Showing 4 changed files with 150 additions and 22 deletions.
diff --git a/Cargo.lock b/Cargo.lock
diff --git a/cmd/soroban-cli/Cargo.toml b/cmd/soroban-cli/Cargo.toml
@@ -107,7 +107,7 @@ ulid = { workspace = true, features = ["serde"] }
 strum = "0.17.1"
 strum_macros = "0.17.1"
 async-compression = { version = "0.4.12", features = ["tokio", "gzip"] }
-
+shell-escape = "0.1.5"
 tempfile = "3.8.1"
 toml_edit = "0.21.0"
 rust-embed = { version = "8.2.0", features = ["debug-embed"] }

diff --git a/cmd/soroban-cli/src/commands/contract/build.rs b/cmd/soroban-cli/src/commands/contract/build.rs
@@ -2,6 +2,7 @@ use cargo_metadata::{Metadata, MetadataCommand, Package};
 use clap::Parser;
 use itertools::Itertools;
 use std::{
+    borrow::Cow,
     collections::HashSet,
     env,
     ffi::OsStr,
@@ -12,6 +13,8 @@ use std::{
 };
 use stellar_xdr::curr::{Limits, ScMetaEntry, ScMetaV0, StringM, WriteXdr};
 
+use crate::{commands::global, print::Print};
+
 /// Build a contract from source
 ///
 /// Builds all crates that are referenced by the cargo manifest (Cargo.toml)

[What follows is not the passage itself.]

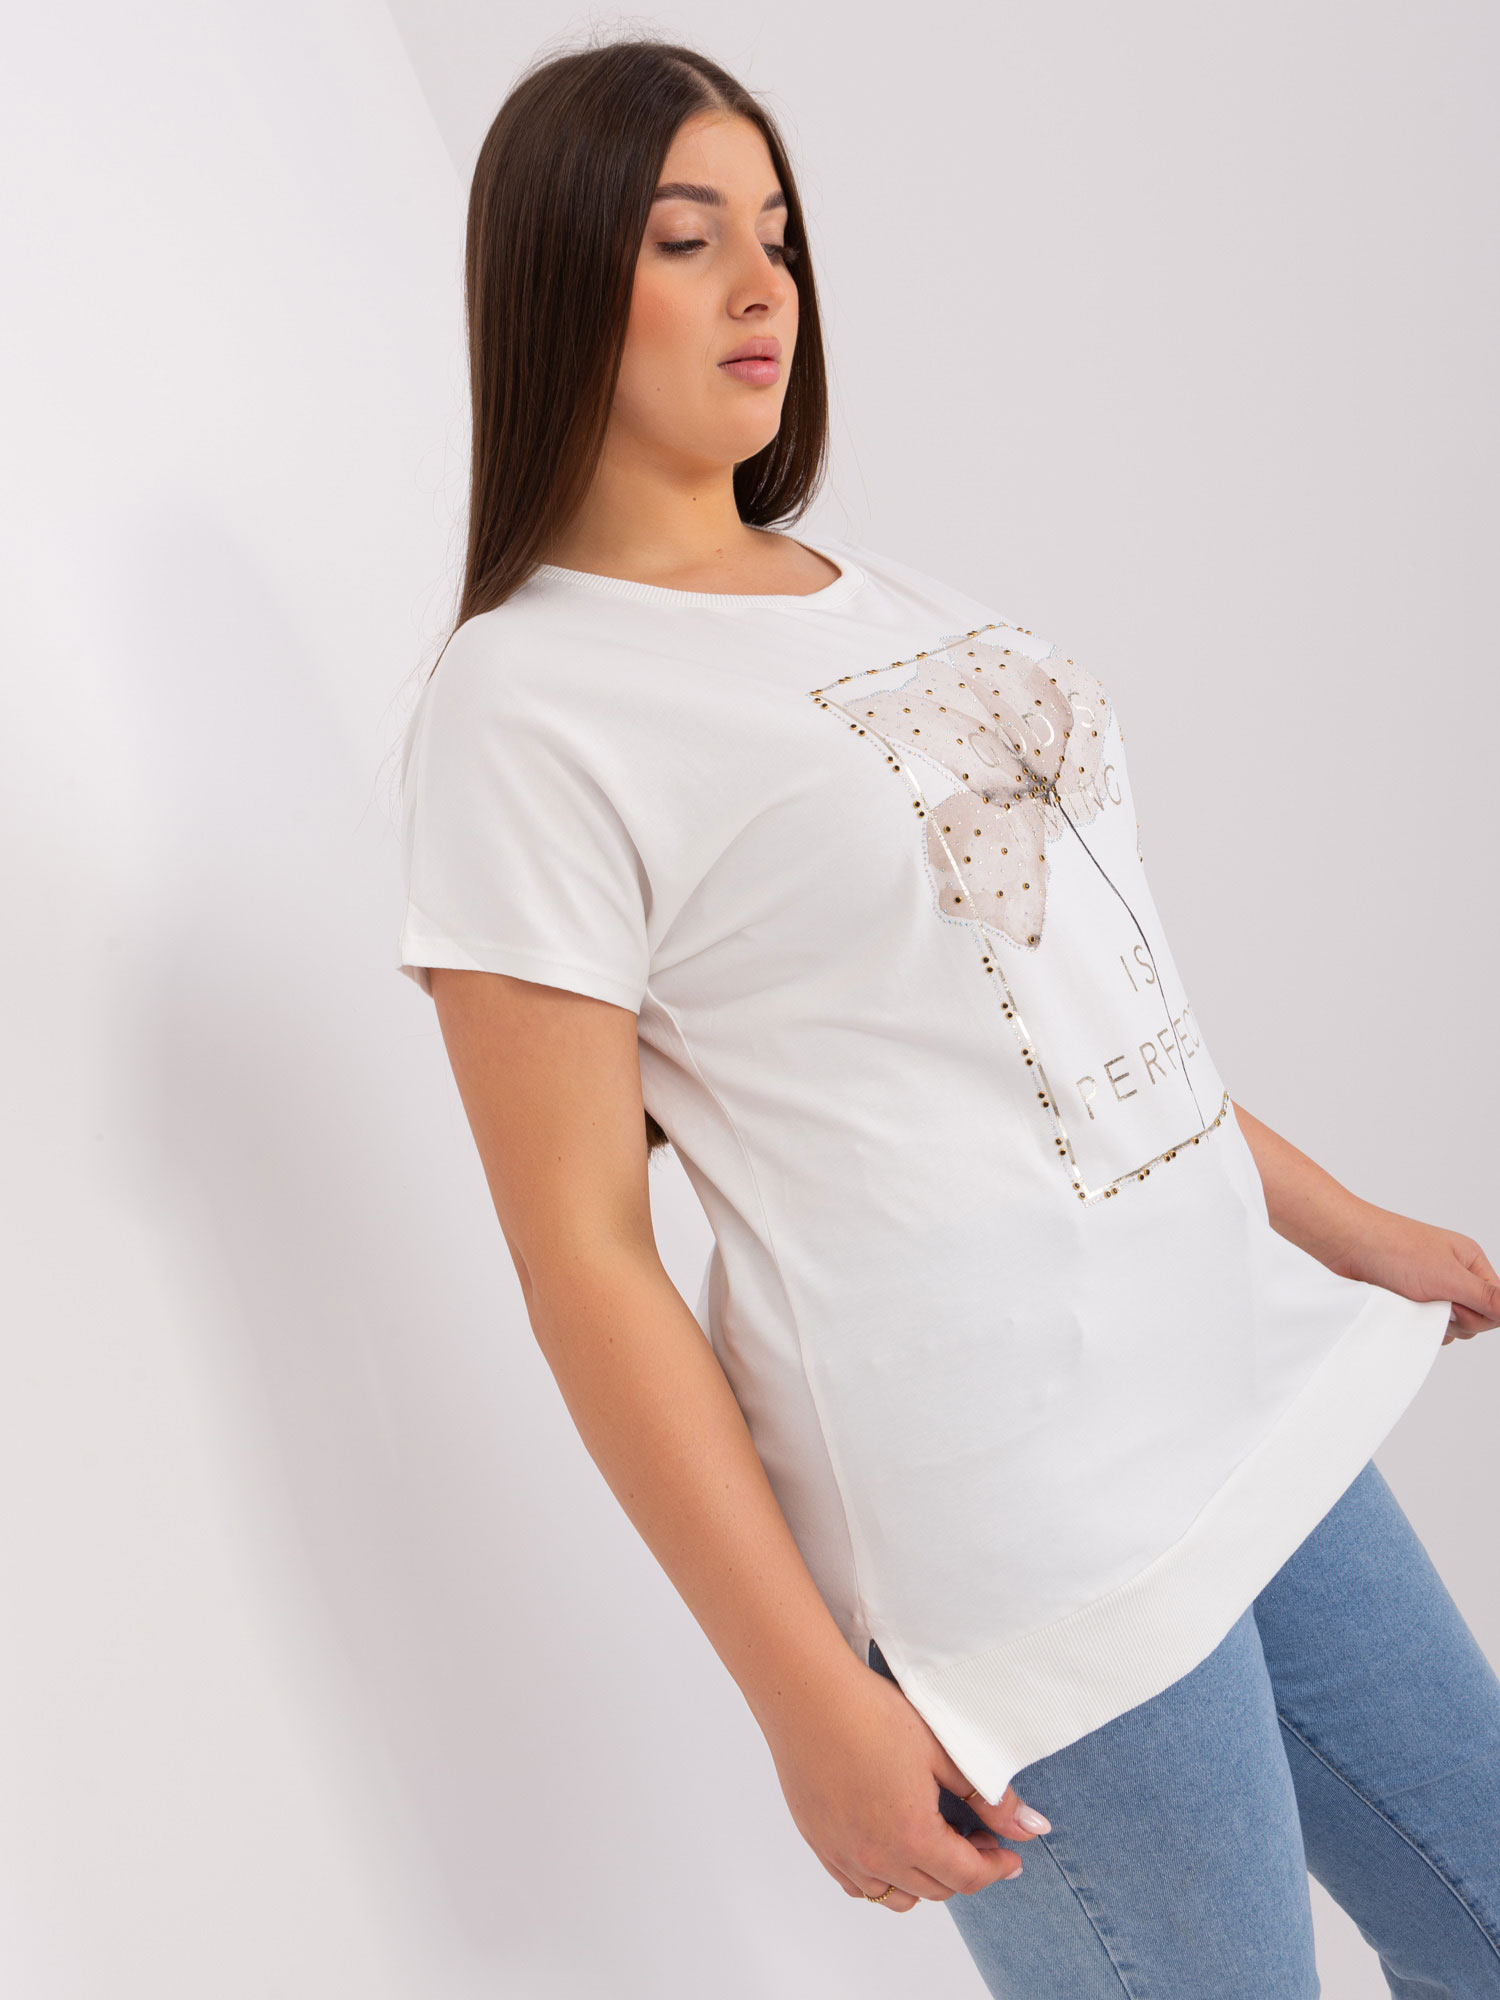 Women's cotton blouse size Ecru

@@ -96,6 +99,8 @@ pub enum Error {
     CopyingWasmFile(io::Error),
     #[error("getting the current directory: {0}")]
     GettingCurrentDir(io::Error),
+    #[error("retreiving CARGO_HOME: {0}")]
+    CargoHome(io::Error),
     #[error("reading wasm file: {0}")]
     ReadingWasmFile(io::Error),
     #[error("writing wasm file: {0}")]
@@ -108,7 +113,9 @@ const WASM_TARGET: &str = "wasm32-unknown-unknown";
 const META_CUSTOM_SECTION_NAME: &str = "contractmetav0";
 
 impl Cmd {
-    pub fn run(&self) -> Result<(), Error> {
+    pub fn run(&self, global_args: &global::Args) -> Result<(), Error> {
+        let print = Print::new(global_args.quiet);
+
         let working_dir = env::current_dir().map_err(Error::GettingCurrentDir)?;
 
         let metadata = self.metadata()?;
@@ -154,15 +161,31 @@ impl Cmd {
                     cmd.arg(format!("--features={activate}"));
                 }
             }
-            let cmd_str = format!(
-                "cargo {}",
-                cmd.get_args().map(OsStr::to_string_lossy).join(" ")
+
+            if let Some(rustflags) = make_rustflags_to_remap_absolute_paths(&print)? {
+                cmd.env("CARGO_BUILD_RUSTFLAGS", rustflags);
+            }
+
+            let mut cmd_str_parts = Vec::<String>::new();
+            cmd_str_parts.extend(cmd.get_envs().map(|(key, val)| {
+                format!(
+                    "{}={}",
+                    key.to_string_lossy(),
+                    shell_escape::escape(val.unwrap_or_default().to_string_lossy())
+                )
+            }));
+            cmd_str_parts.push("cargo".to_string());
+            cmd_str_parts.extend(
+                cmd.get_args()
+                    .map(OsStr::to_string_lossy)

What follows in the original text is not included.